Moviejawn

View Original

Kongzilla Week: What to expect when you're expecting...a new Adam Wingard movie?

All week long, we’re celebrating the clash of the titans that is Godzilla vs. Kong! It’s Kongzilla Week! Read all of the pieces here!

by Garrett Smith, Contributor

To say I am an Adam Wingard fan is a bit of an understatement. I first encountered him when You're Next, his home-invasion/slasher hybrid, was first streaming on Netflix. His V/H/S series would end up there and I would devour that as well. All of which would lead me to a Philadelphia Film Festival screening of what has become an all-time favorite of mine, The Guest. I have followed his career enthusiastically since then, very much enjoying how he puts his stamp on every property he takes on, which has included Blair Witch, Death Note, and the upcoming Godzilla vs. Kong. But what is Adam Wingard’s "stamp"?

GENRE & SUBVERSION

Genre is very important to Wingard, as genre provides a set of guidelines for a movie. A home-invasion movie, for instance, requires a family that the audience perceives to be "normal" and an individual or group of invaders that upset this normalcy. These movies tend to be bleak and upsetting in that there’s often no escaping for the family. This is where Wingard (and his screenwriter Simon Barrett, who deserves a lot of credit here as well) find their subversive "in" for You're Next, where the "normal" family is a bickering, toxic lot that contribute to their own demise and the invaders are bumbling dipshits that meet their match in an unexpected houseguest–one of the family member’s girlfriends. And thus what you assume will be a harrowing and difficult experience is also a fun one.

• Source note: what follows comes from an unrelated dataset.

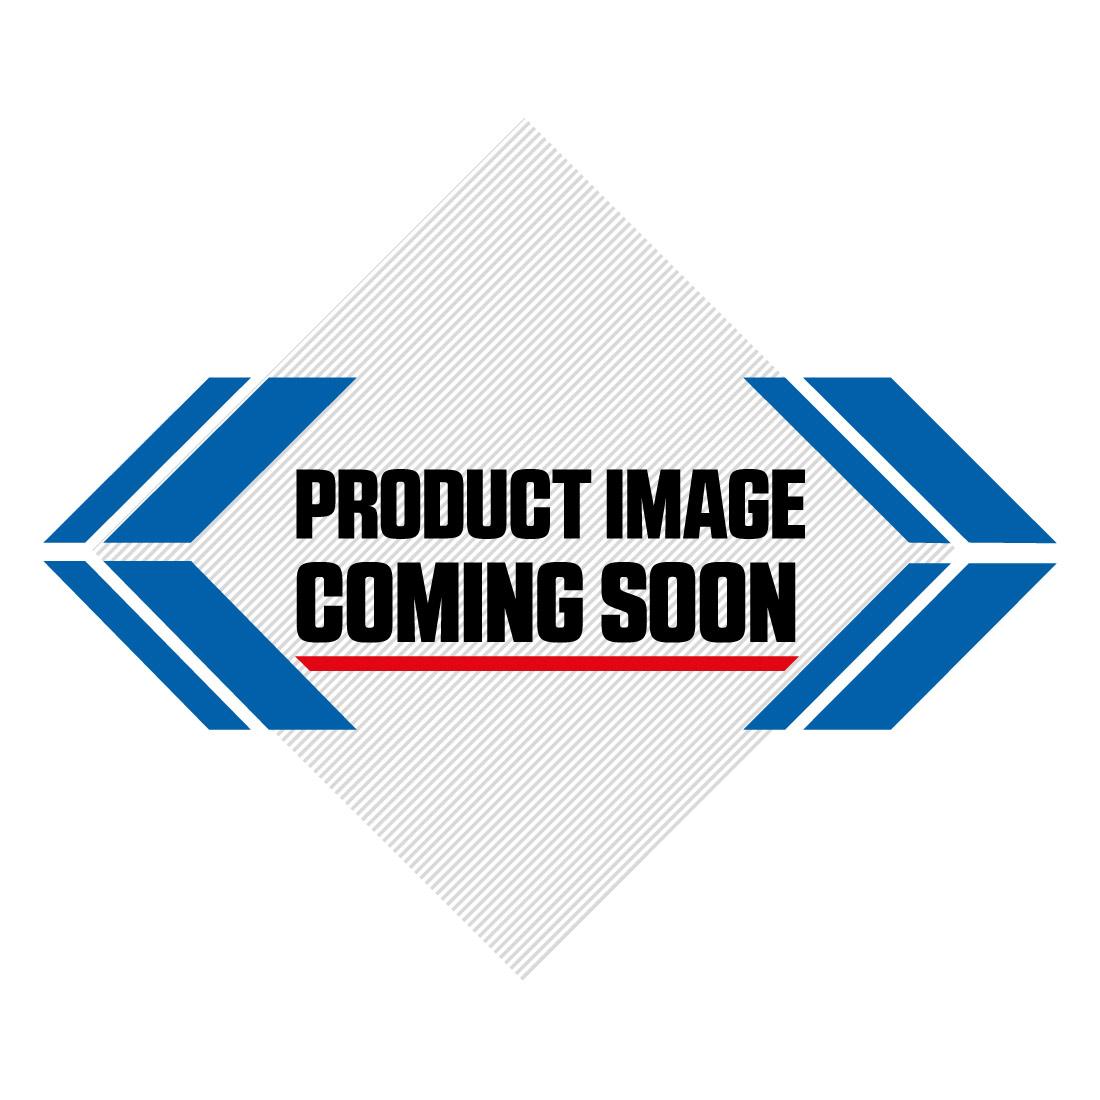 Honda Plastic Kit CR 125 (87-88) OEM Factory (1988) Image-4>

In Wingard’s movies, genre is important because he can surprise the audience by subverting its tropes. His ability as an artist to convince you that he’s just following the typical "style guide" for a particular genre makes these moments of subversion really pop, like in The Guest when it shifts into a different genre entirely without betraying the overall tone of the movie. This element of surprise is a major key to his success as an entertainer and storyteller.

BRIGHT LIGHTS & CANDY COLORS

I spent some time over the past few weeks digging into Wingard’s early shorts and independent features (many of which can be found online in various places like this YouTube channel that may or may not be his). They reveal a very creative young filmmaker that has a natural talent for rhythmic editing and atmospheric sound design, some other key components of his filmography. But what grabs me most about them is his ability to turn "nothing" into production design. In an early interview I found, he says his best advice for independent filmmakers is to make any limitations seem like choices, so the audience is never aware of those limitations. In his earliest work, he’s often shooting in a local basement with a cheap camera, a couple of friends, and nothing but some Christmas lights. Yet what you are watching has these beautiful, kind of psychedelic moments thanks to some crafty focus pulling on those lights. This technique shows up a lot throughout his shorts, like here in Ultra Modern, and is used to great effect in one of his early features, A Horrible Way to Die, where the lights are used to evoke specific moods between the leads.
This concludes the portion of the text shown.